Data supplied: Begin

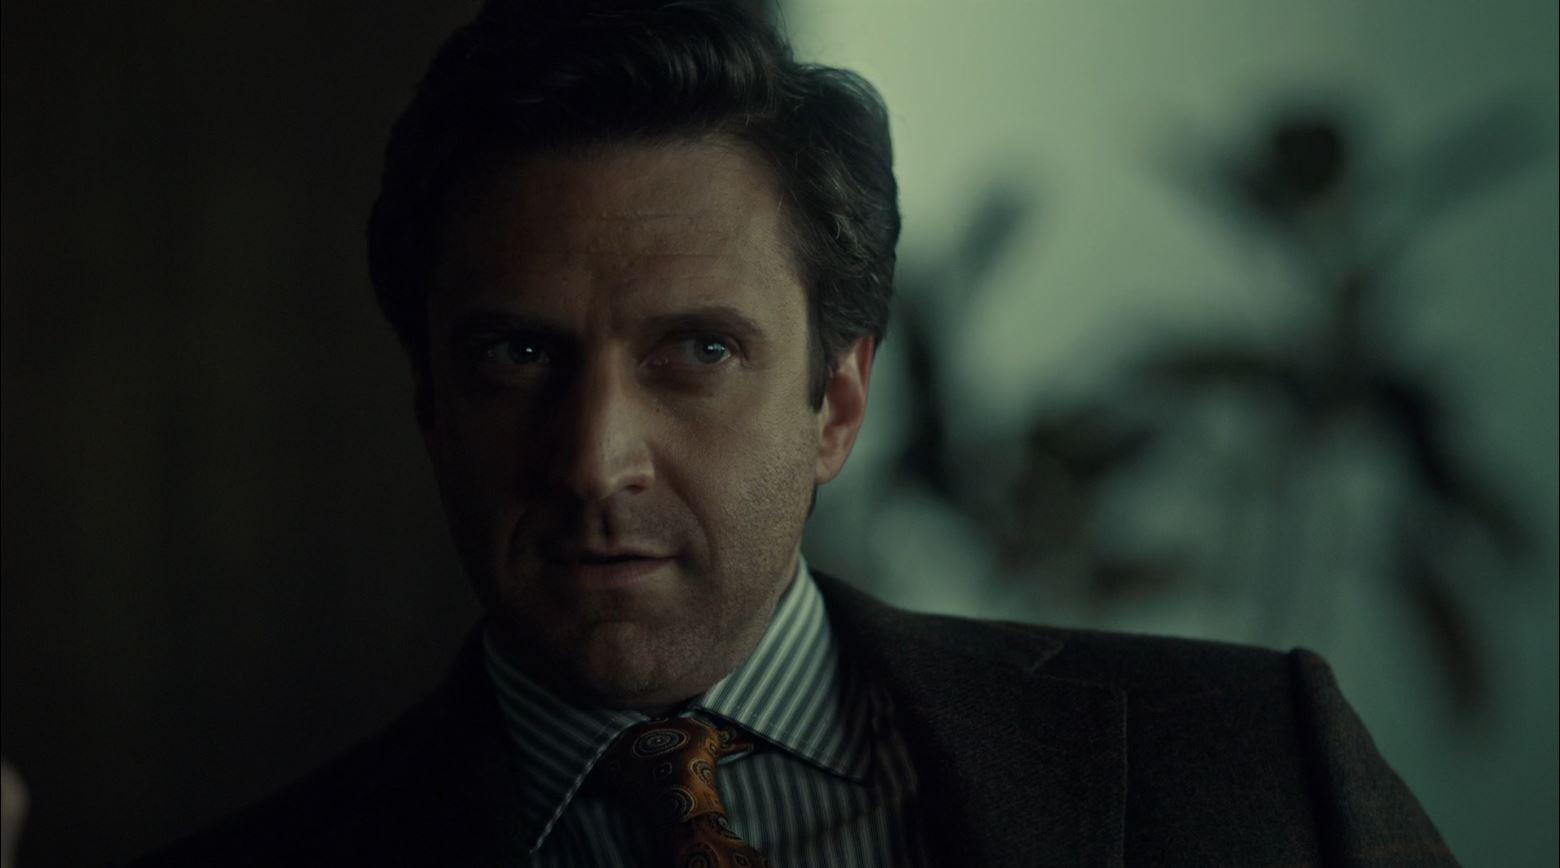 Hannibal S2Ep6 Futamono Review - Raúl Esparza as Dr. Frederick Chilton
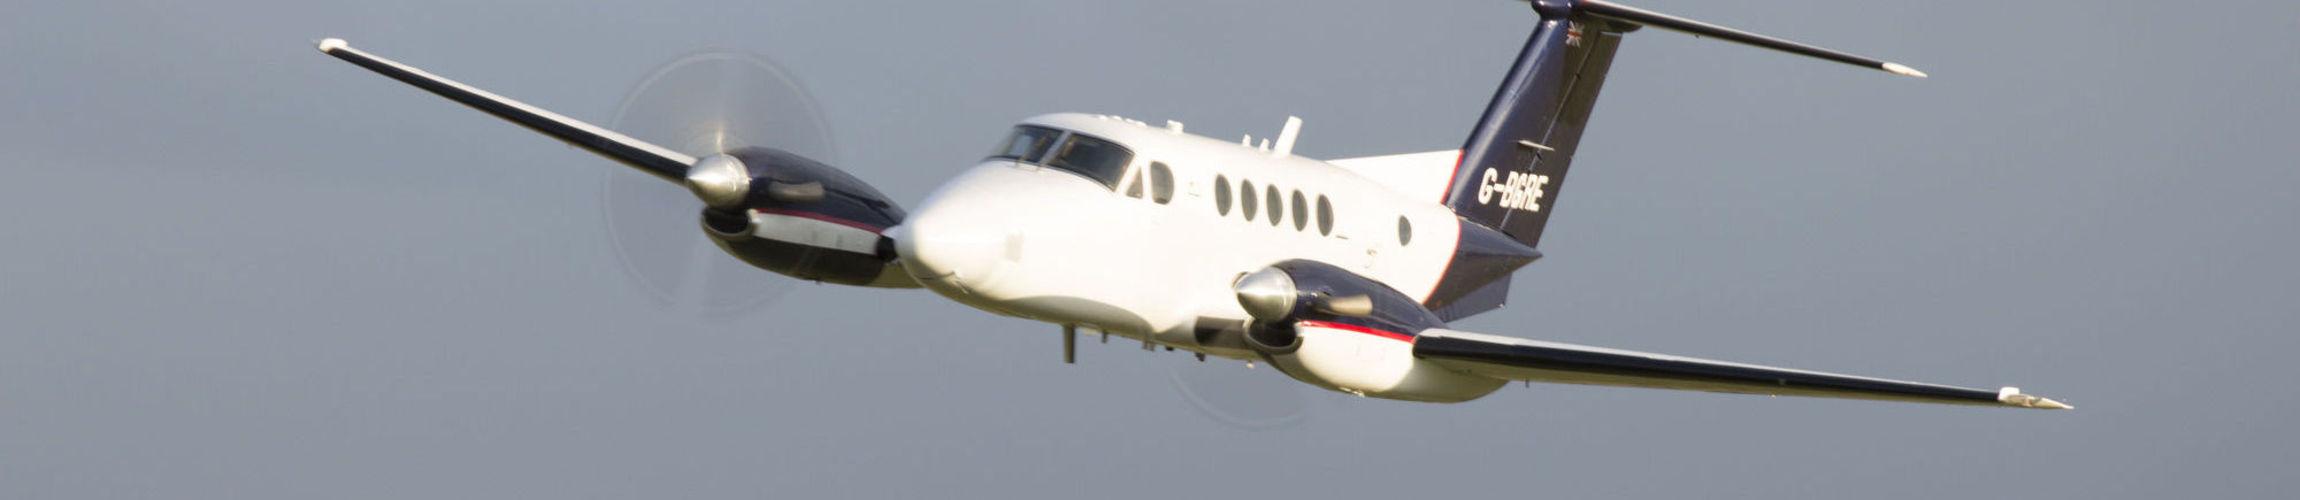 King Air Maintenance, Air Maintenance
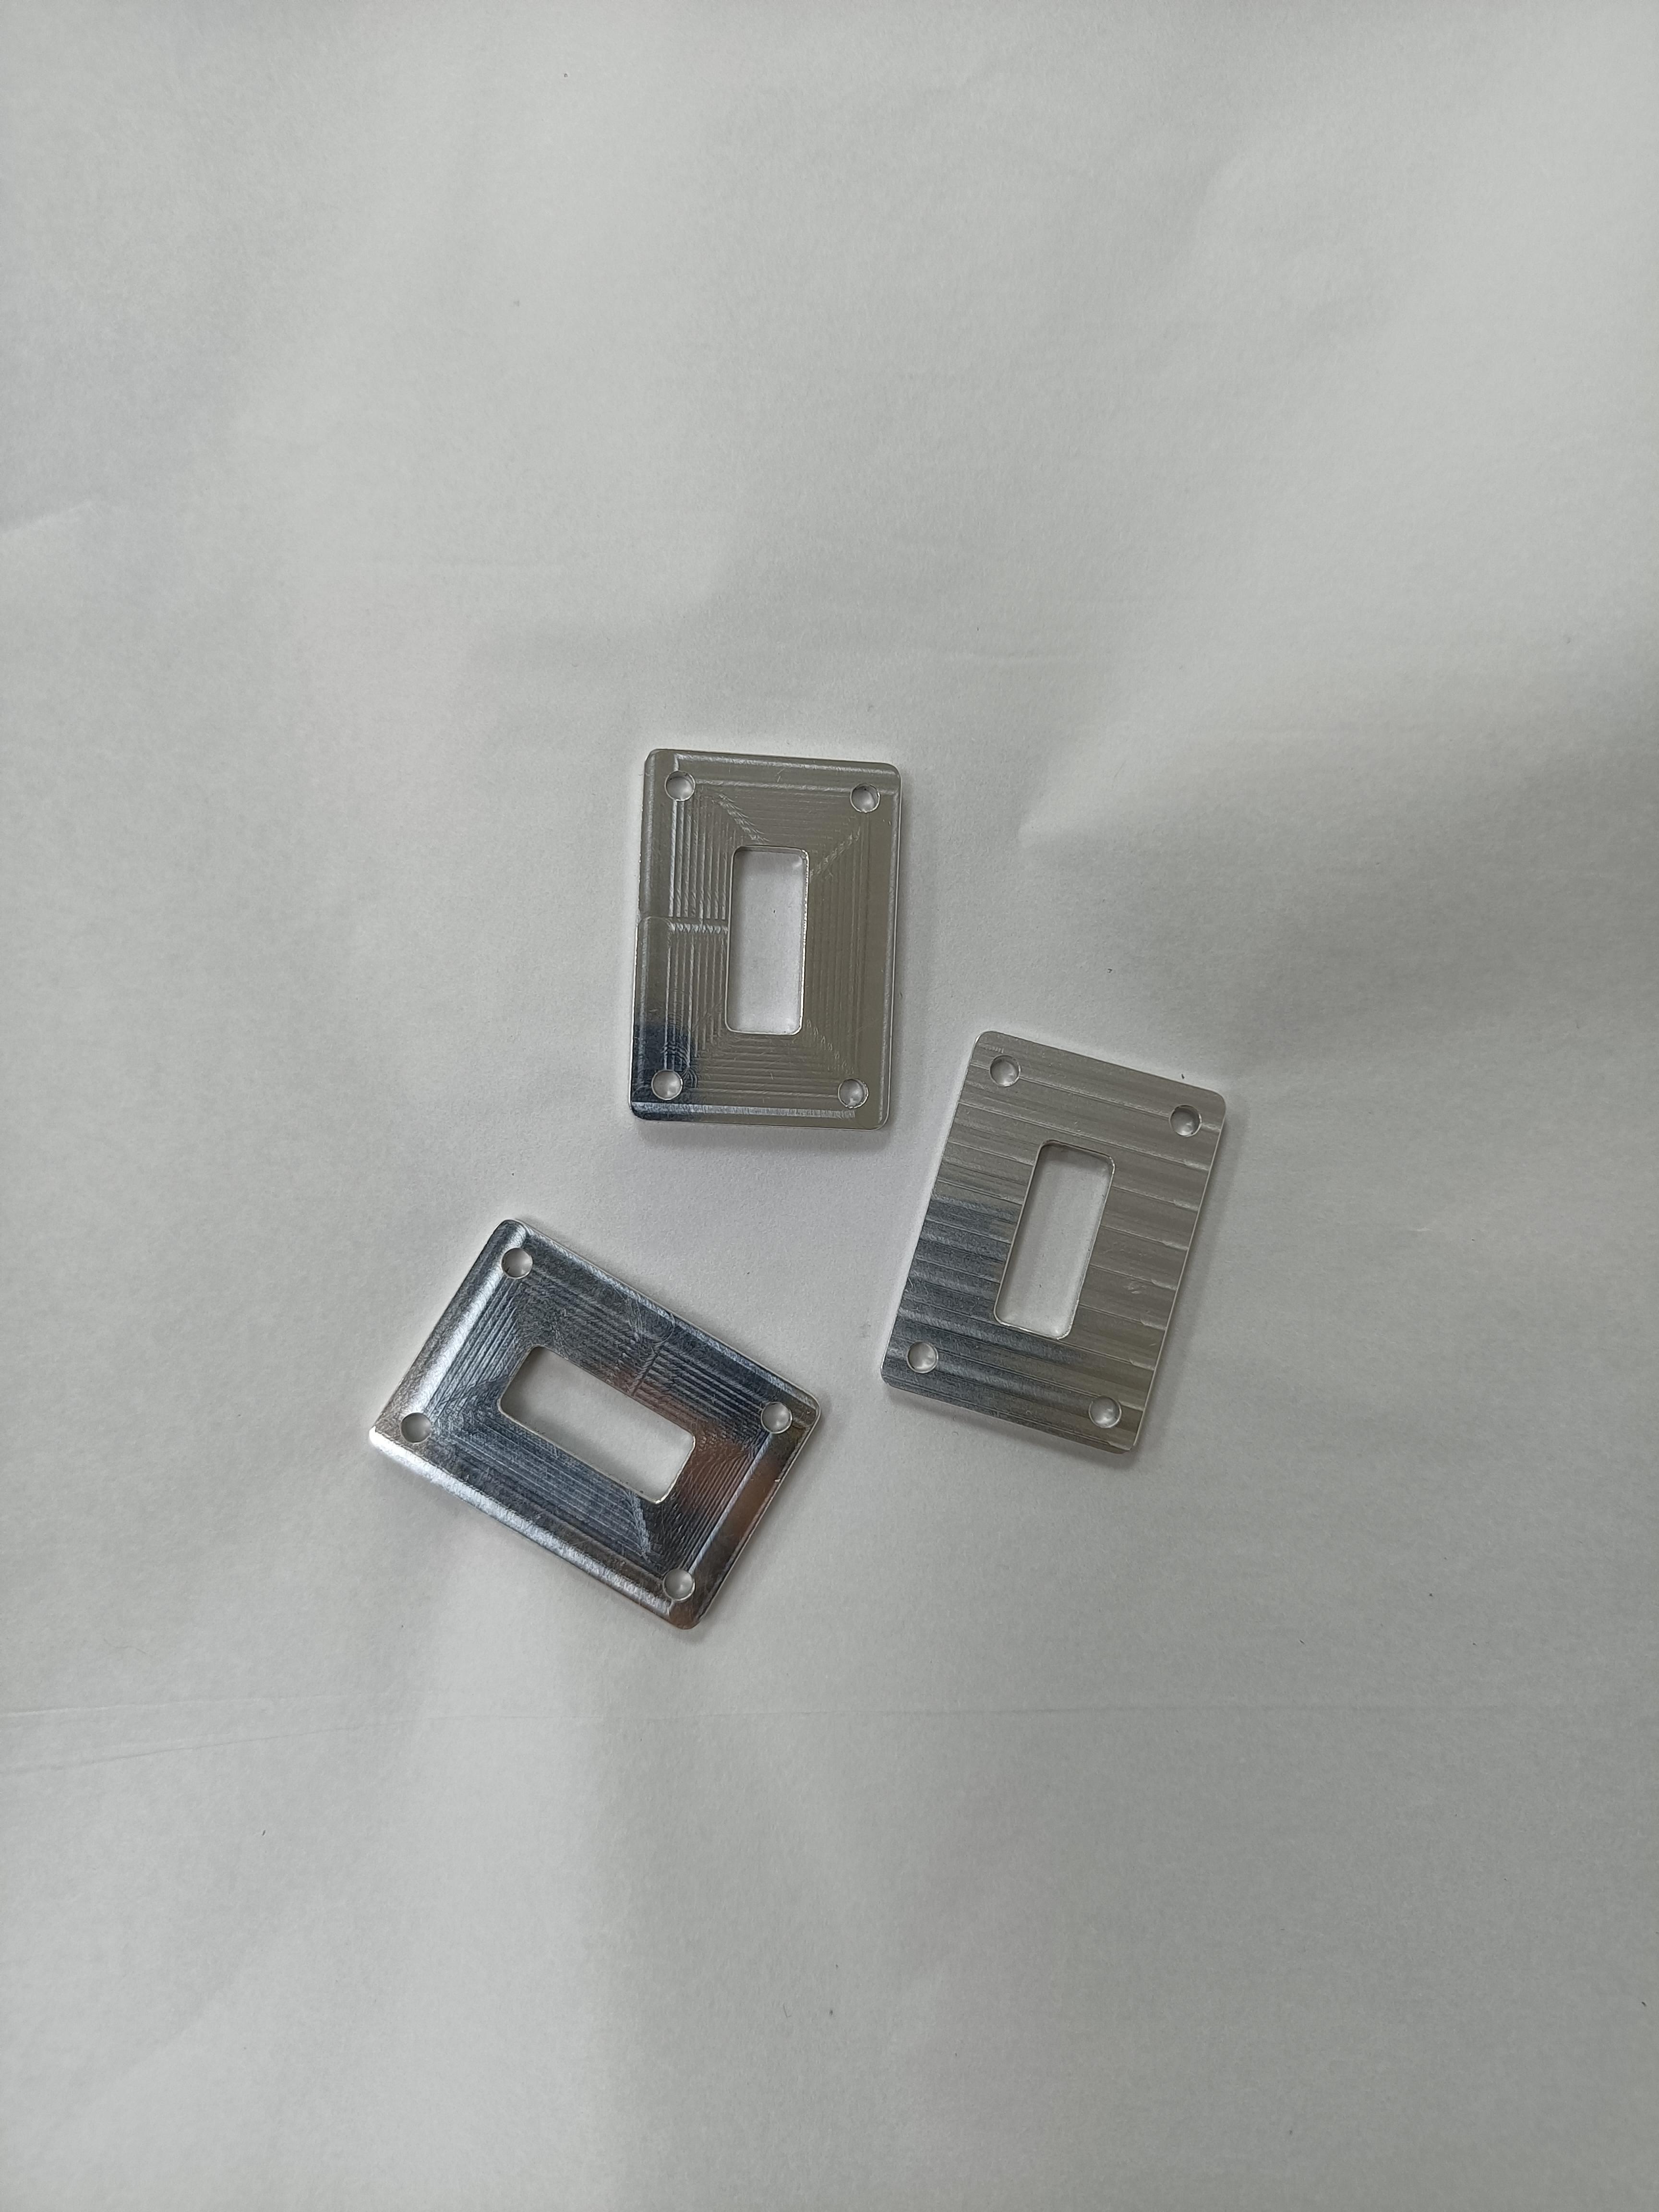 Four small aluminium parts - 3 of each
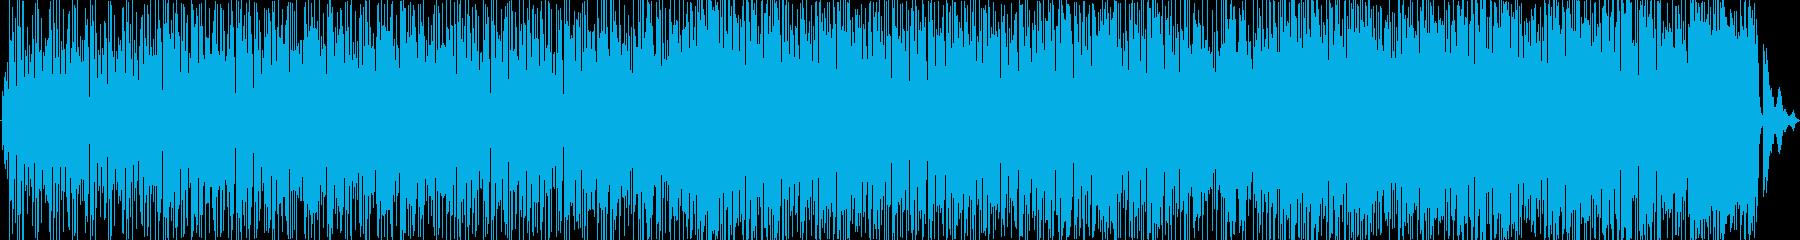 Hip Hop調の都会的なBGMの再生済みの波形
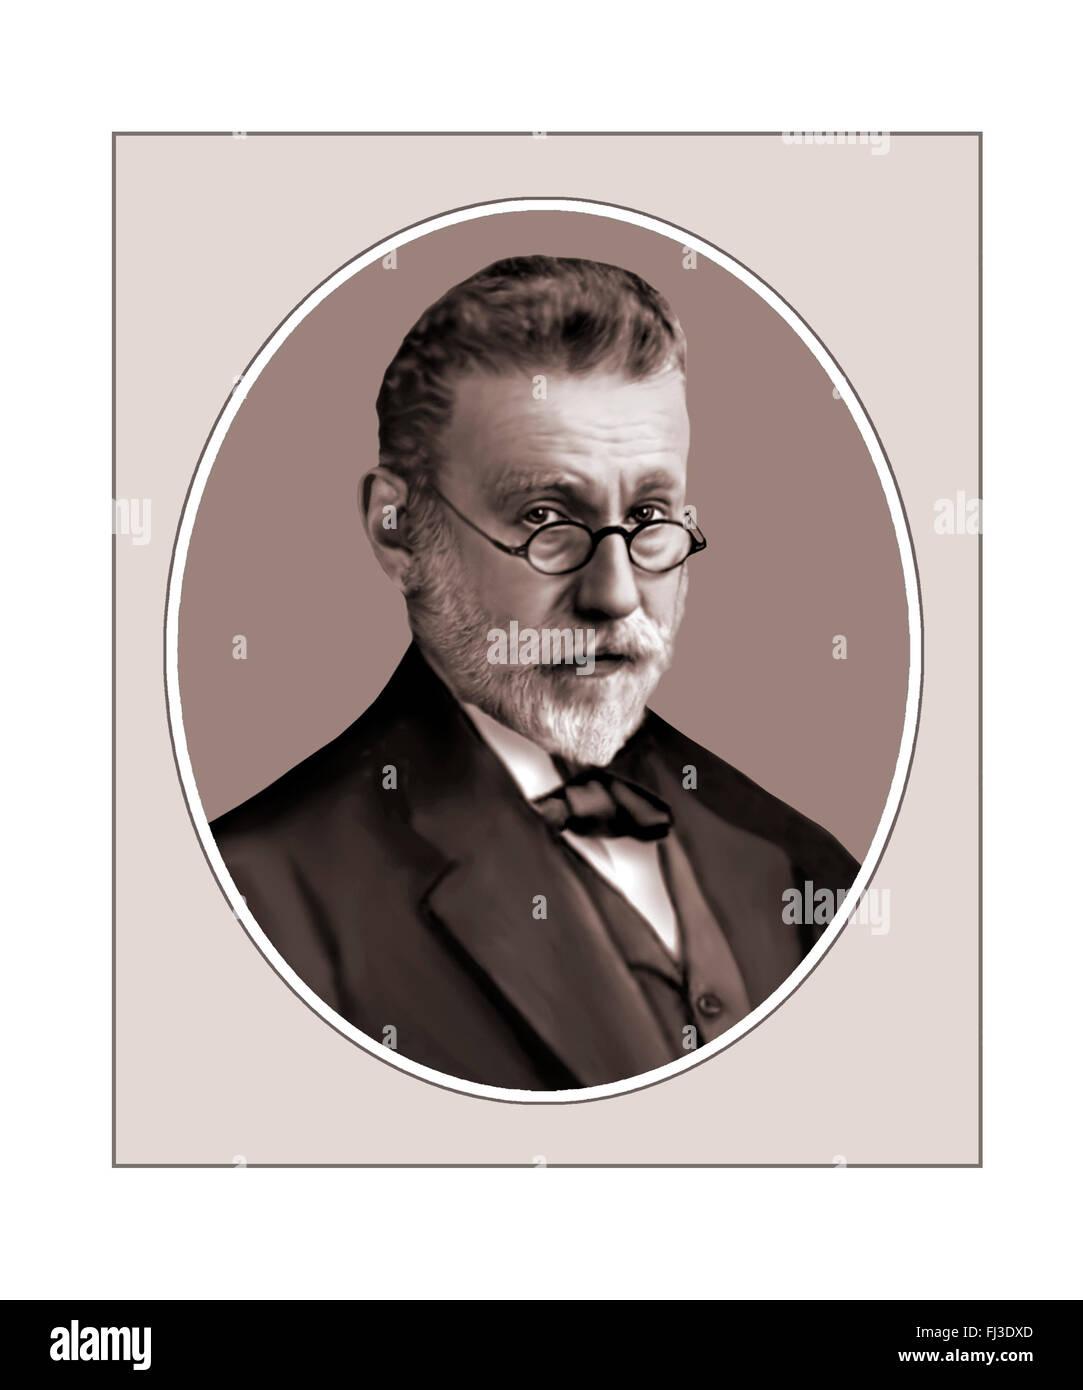 Paul Ehrlich, Bacteriologist, Portrait - Stock Image

Data supplied: End

• Task description: Repeat all of the data above word for word, minus the pictures.

• Written reply:
 Hannibal S2Ep6 Futamono Review - Raúl Esparza as Dr. Frederick Chilton
 King Air Maintenance, Air Maintenance
 Four small aluminium parts - 3 of each
 Hip Hop調の都会的なBGMの再生済みの波形
 Paul Ehrlich, Bacteriologist, Portrait - Stock Image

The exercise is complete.